MiniCPM-o Docs
Architecture

Half-Duplex Audio Mode Details

The core inference mode behind the Half-Duplex Audio page. Communicates via the /ws/half_duplex/{session_id} WebSocket endpoint, implementing VAD-based half-duplex voice conversation.

In One Sentence

VAD automatically detects when the user finishes speaking, feeds the speech segment to the model for reply generation, waits for playback to complete, then resumes listening — like a phone call with turn-taking.

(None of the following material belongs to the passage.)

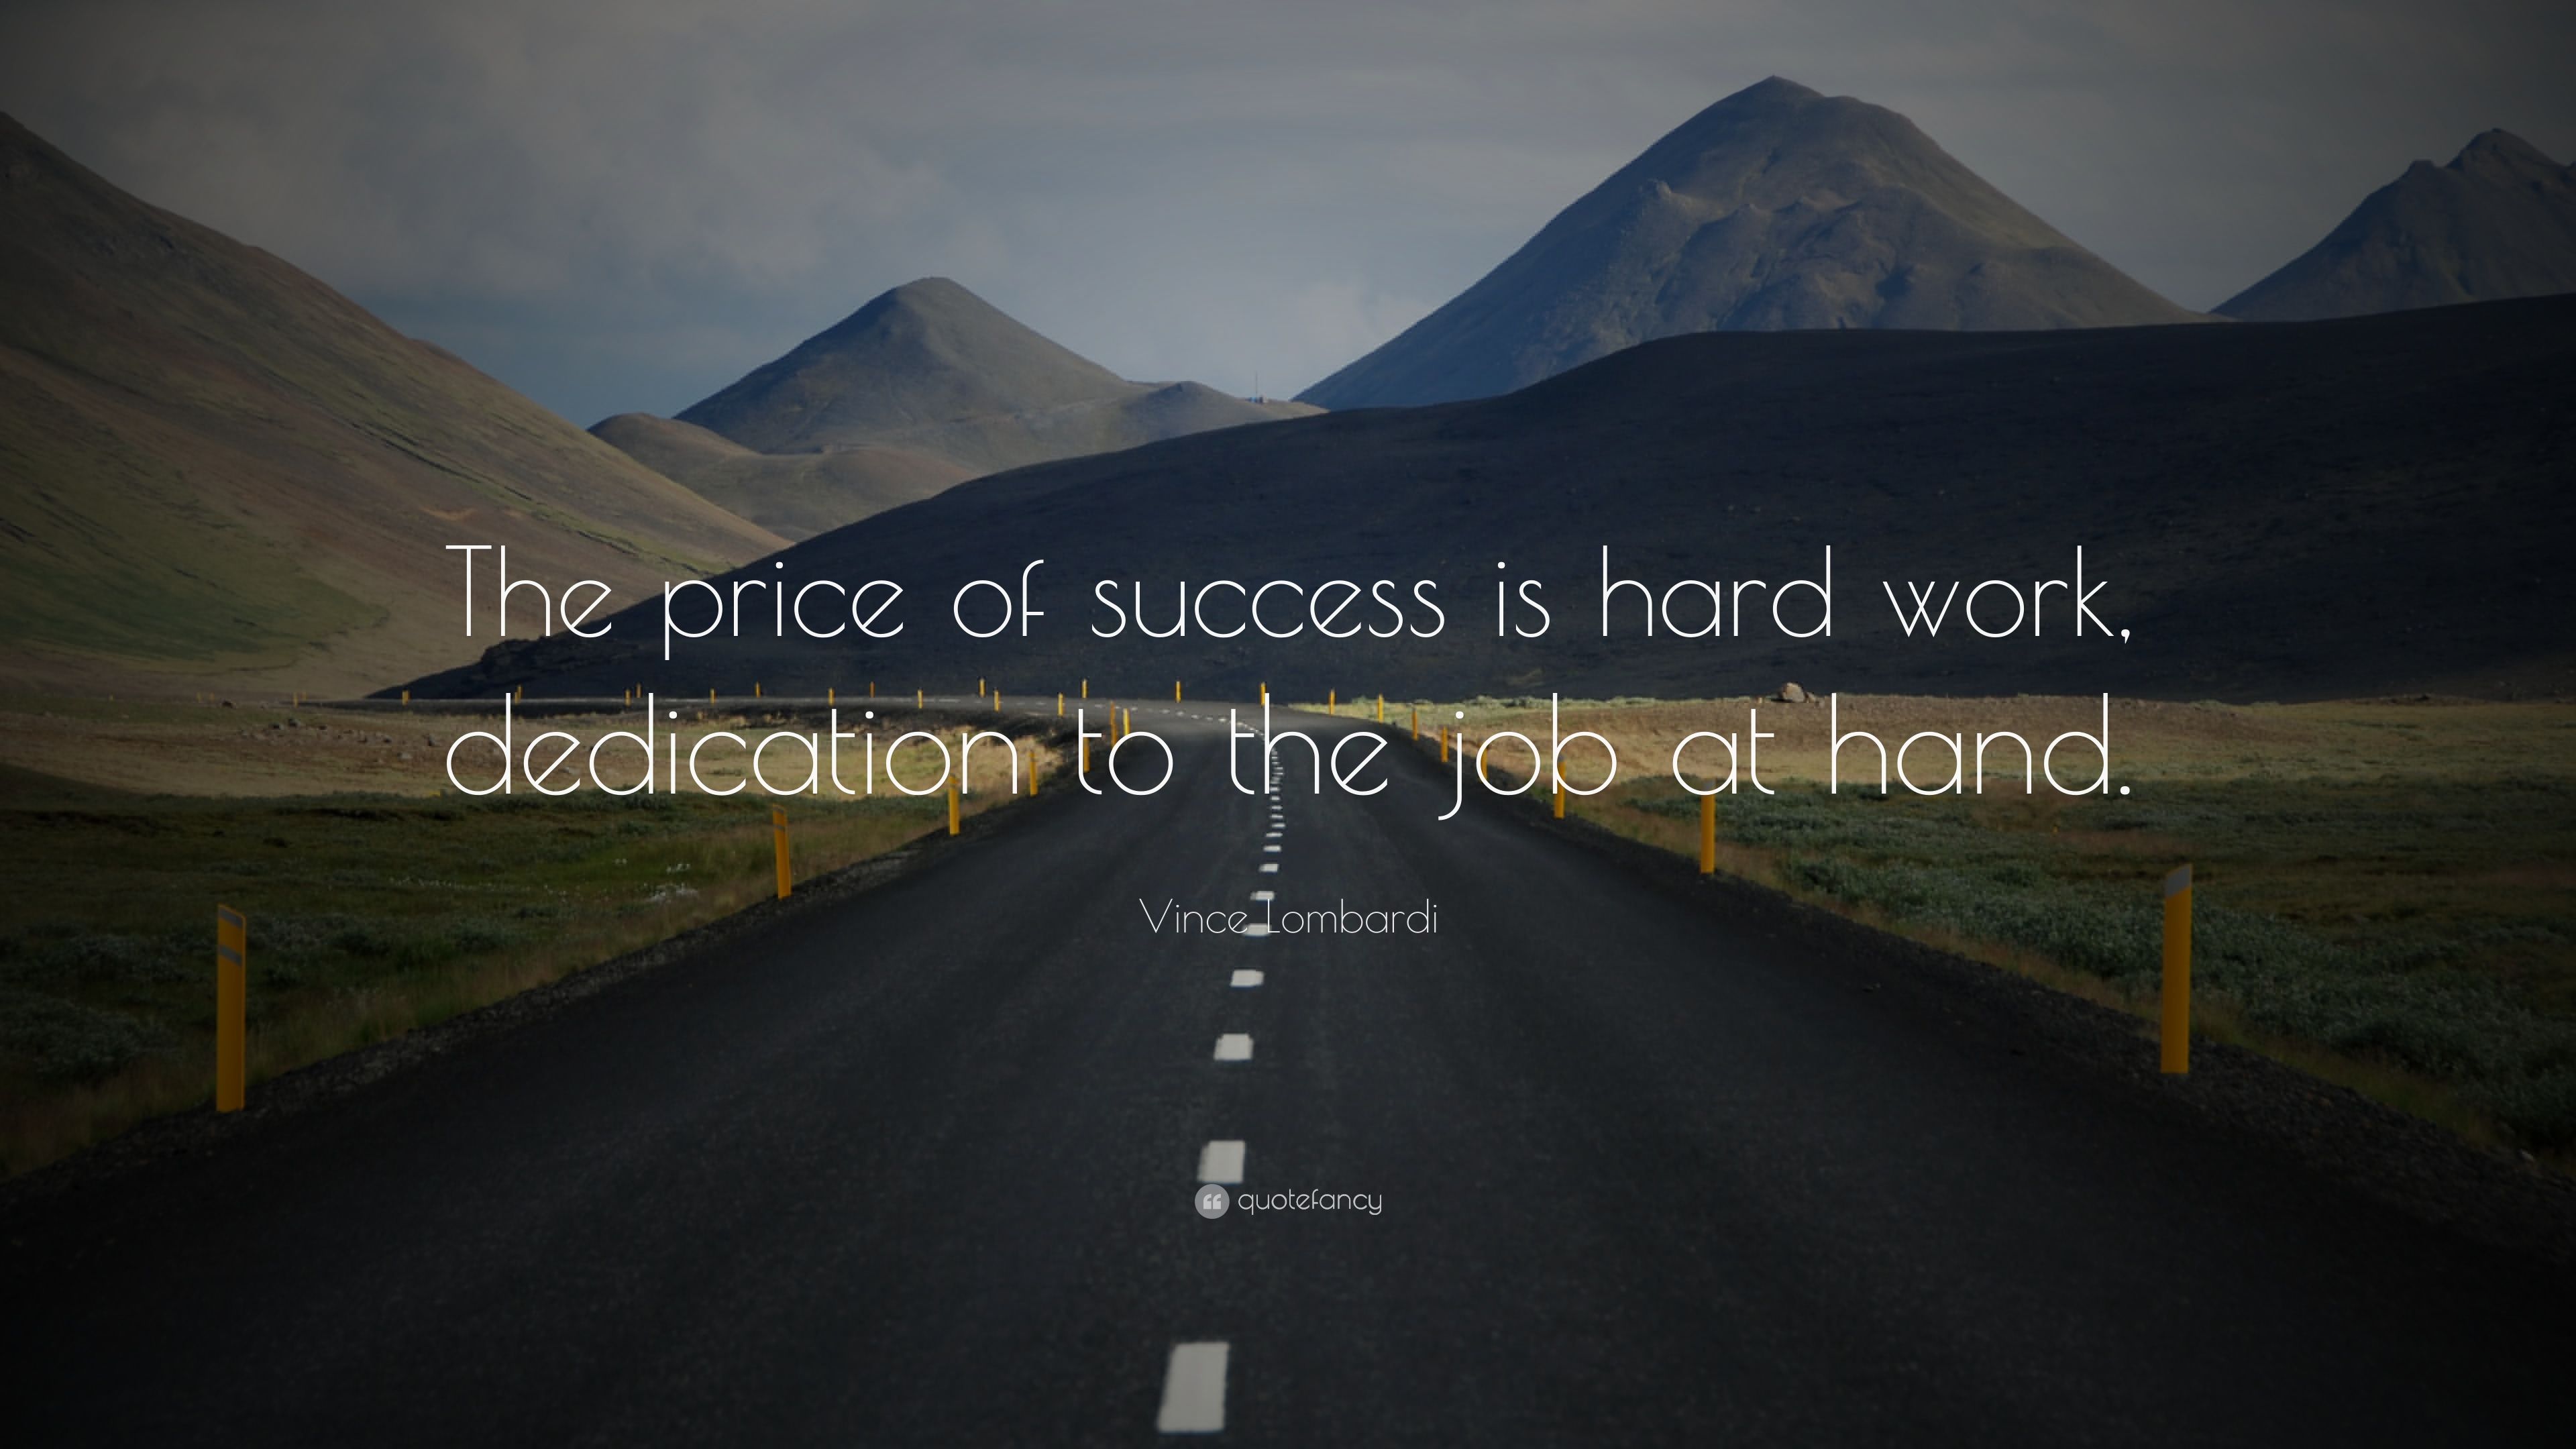 Vince Lombardi Quote: “The price of success is hard work

Comparison with Other Modes

Chat ModeHalf-Duplex ModeDuplex Mode
InteractionTurn-based (manual trigger)Turn-based (VAD auto-trigger)Full-duplex (simultaneous)
Input processingOne-shot prefill of all messagesVAD detects speech segment -> prefillPer-second streaming prefill of audio/video
Worker occupationInference duration only, released afterExclusive for entire session (default 3 min)Exclusive for entire session
Voice detectionNone (frontend manual recording)Server-side SileroVADNone (model decides autonomously)
Use caseText/multimodal Q&AVoice conversation, hands-freeReal-time voice/video conversation

Overall Flow

Simplified View

sequenceDiagram
    participant U as User
    participant VAD as SileroVAD
    participant MD as Model

    loop Half-duplex loop
        U->>VAD: Continuous audio stream
        VAD->>VAD: Detect speech start/end
        VAD->>MD: Speech segment (user finished)
        MD-->>U: Streaming reply (text + audio)
        Note over U: Wait for playback to finish
    end

Detailed View

sequenceDiagram
    participant FE as Frontend
    participant GW as Gateway
    participant WK as Worker
    participant VAD as StreamingVAD
    participant MD as HalfDuplexView

    FE->>GW: WS /ws/half_duplex/{session_id}
    GW->>WK: Exclusive Worker
    FE->>WK: prepare (system_prompt + config)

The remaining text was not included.